SOURCE MATERIAL:
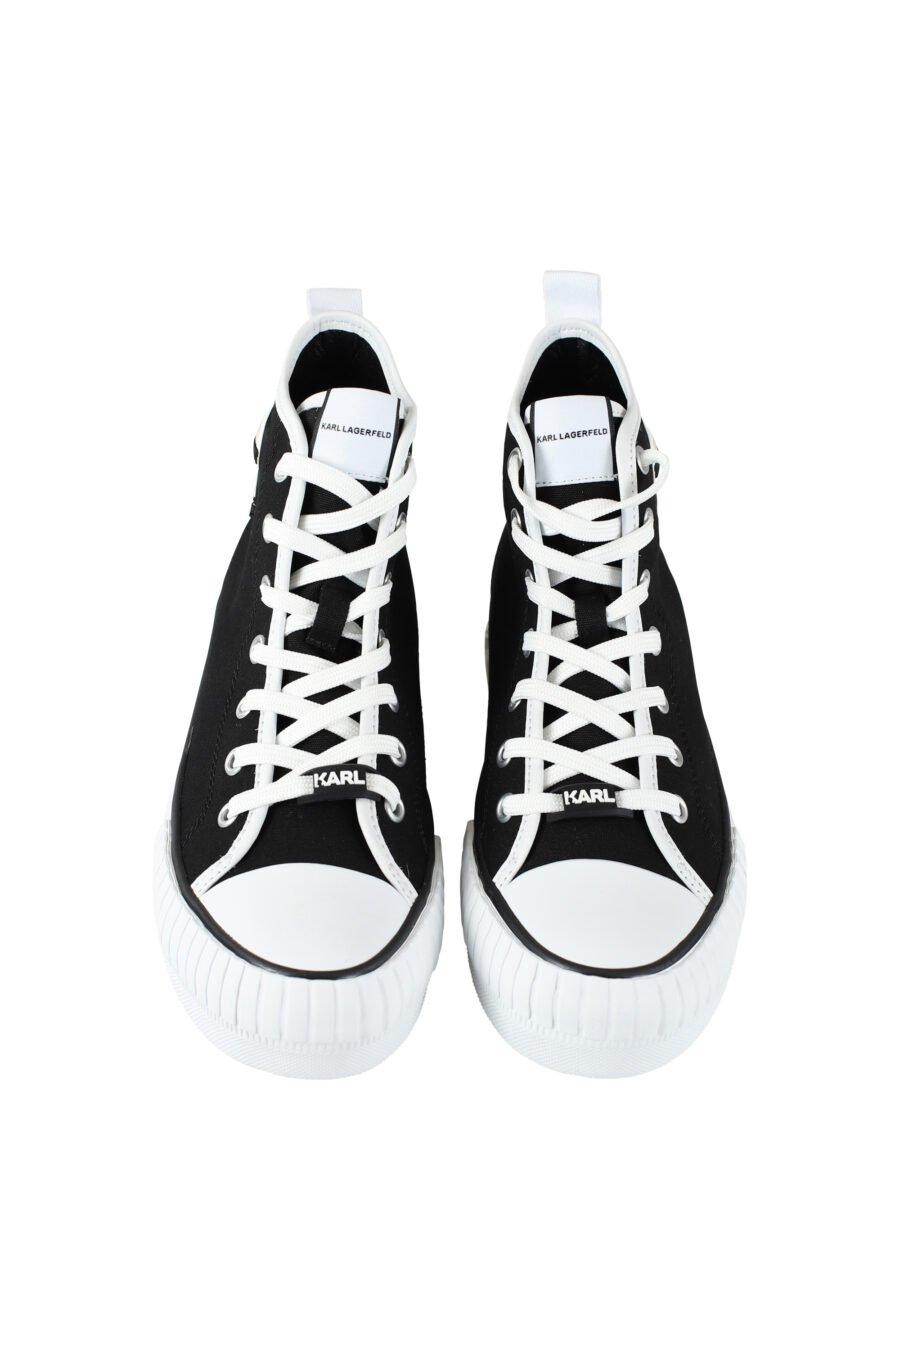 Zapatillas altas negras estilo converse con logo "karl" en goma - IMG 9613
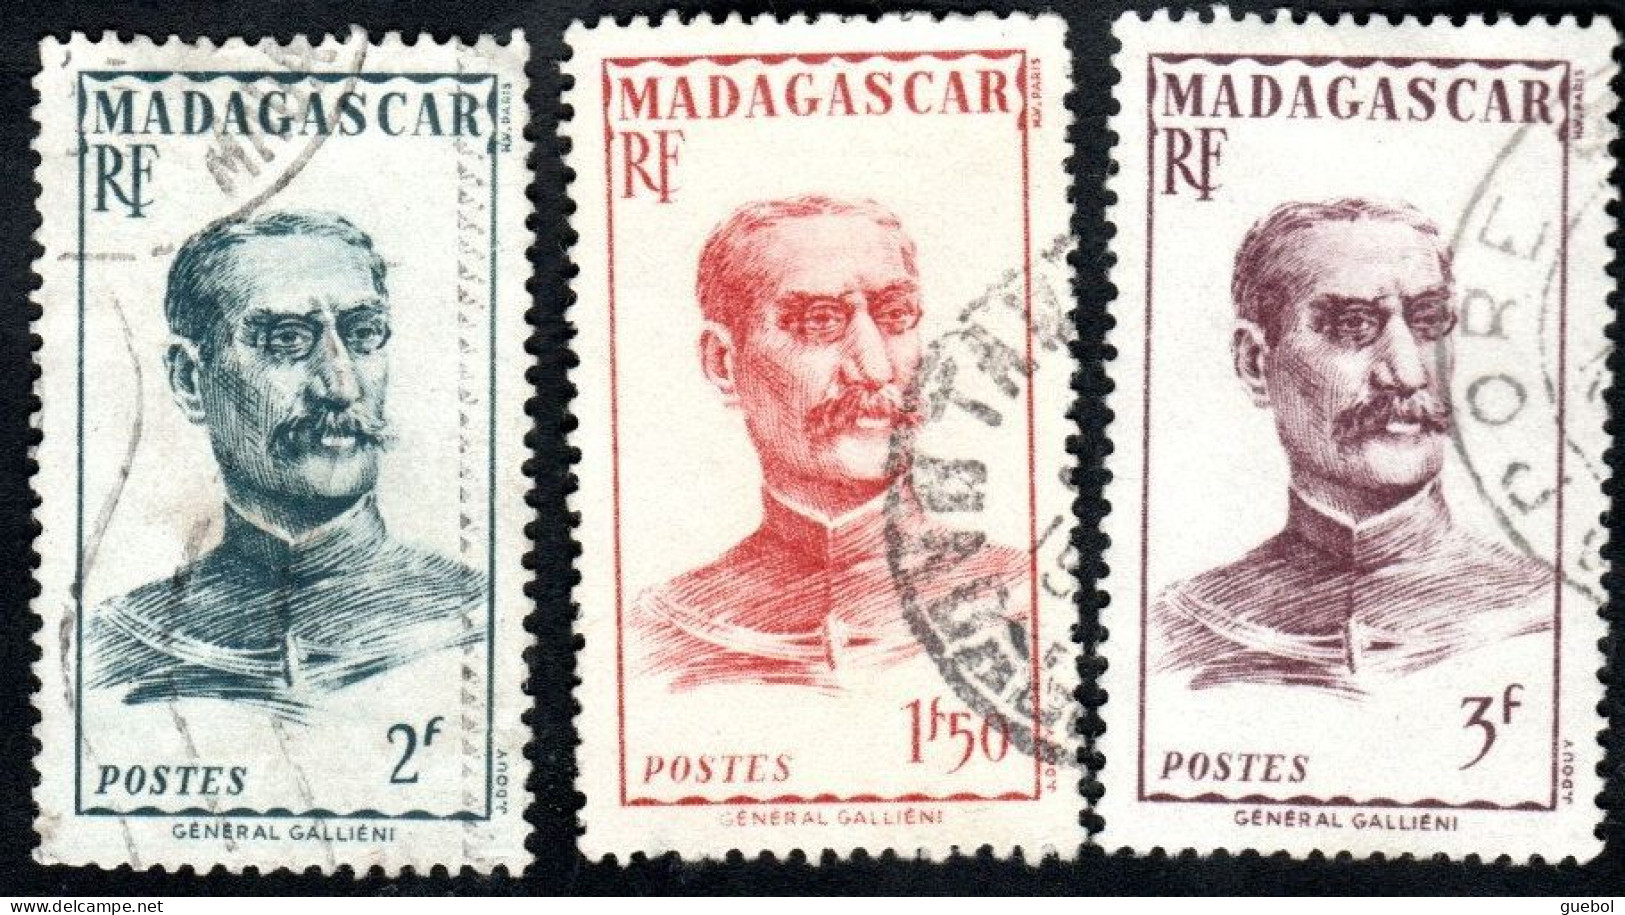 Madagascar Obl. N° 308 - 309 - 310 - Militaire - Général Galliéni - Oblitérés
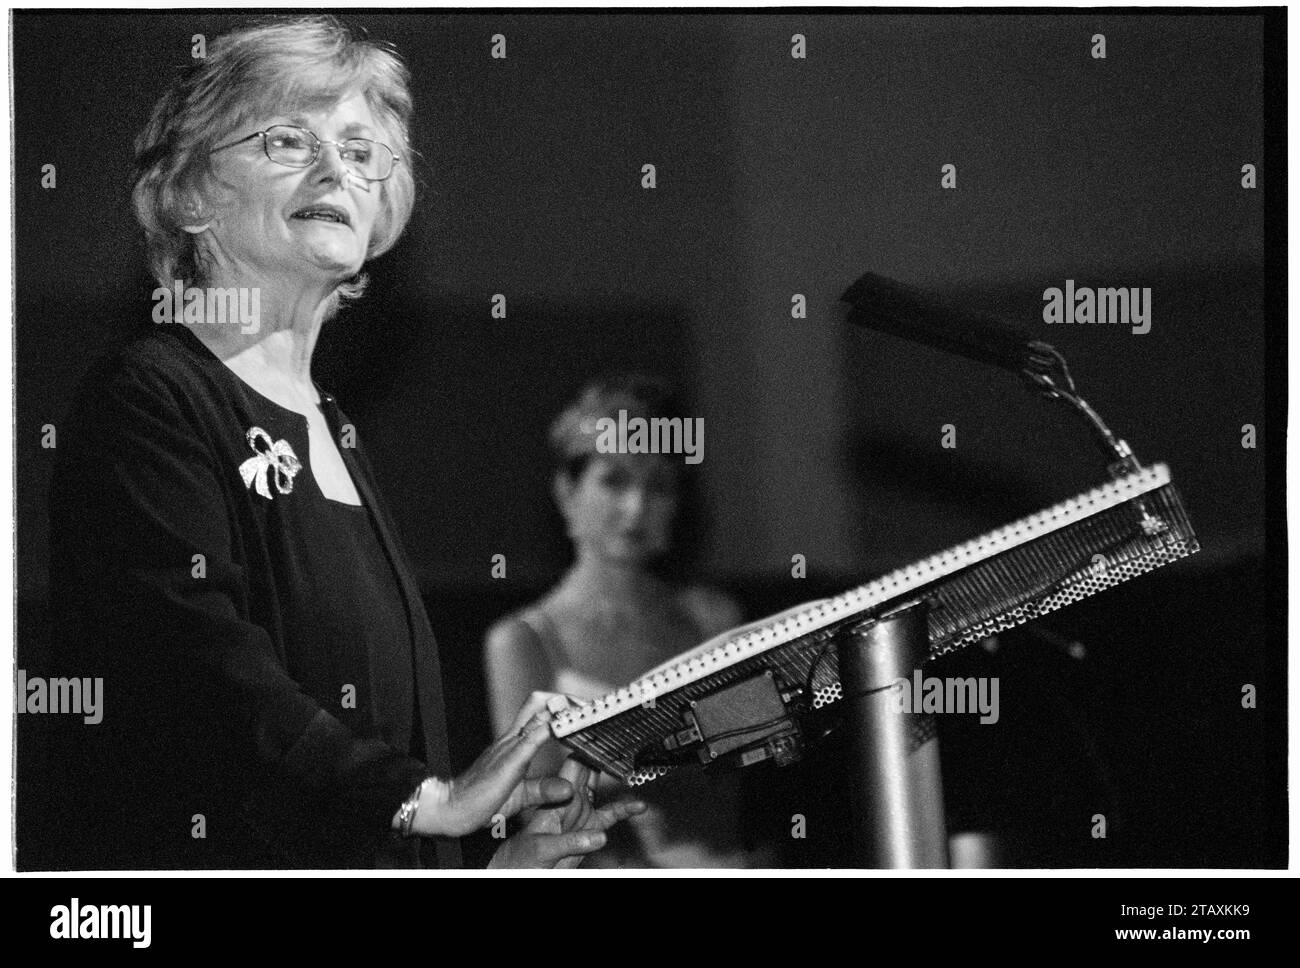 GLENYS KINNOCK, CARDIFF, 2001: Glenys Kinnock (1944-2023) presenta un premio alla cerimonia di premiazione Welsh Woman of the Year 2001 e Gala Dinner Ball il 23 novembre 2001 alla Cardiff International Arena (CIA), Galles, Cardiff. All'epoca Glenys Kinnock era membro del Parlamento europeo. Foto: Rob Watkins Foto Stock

TASK GOAL: Reproduce only the lines from the first line of the listing above up to and including the line that holds "Madagascar Obl. N°". Omit the pictures.

SOLUTION TO THE PROBLEM:
 Zapatillas altas negras estilo converse con logo "karl" en goma - IMG 9613
 Madagascar Obl. N° 308 - 309 - 310 - Militaire - Général Galliéni - Oblitérés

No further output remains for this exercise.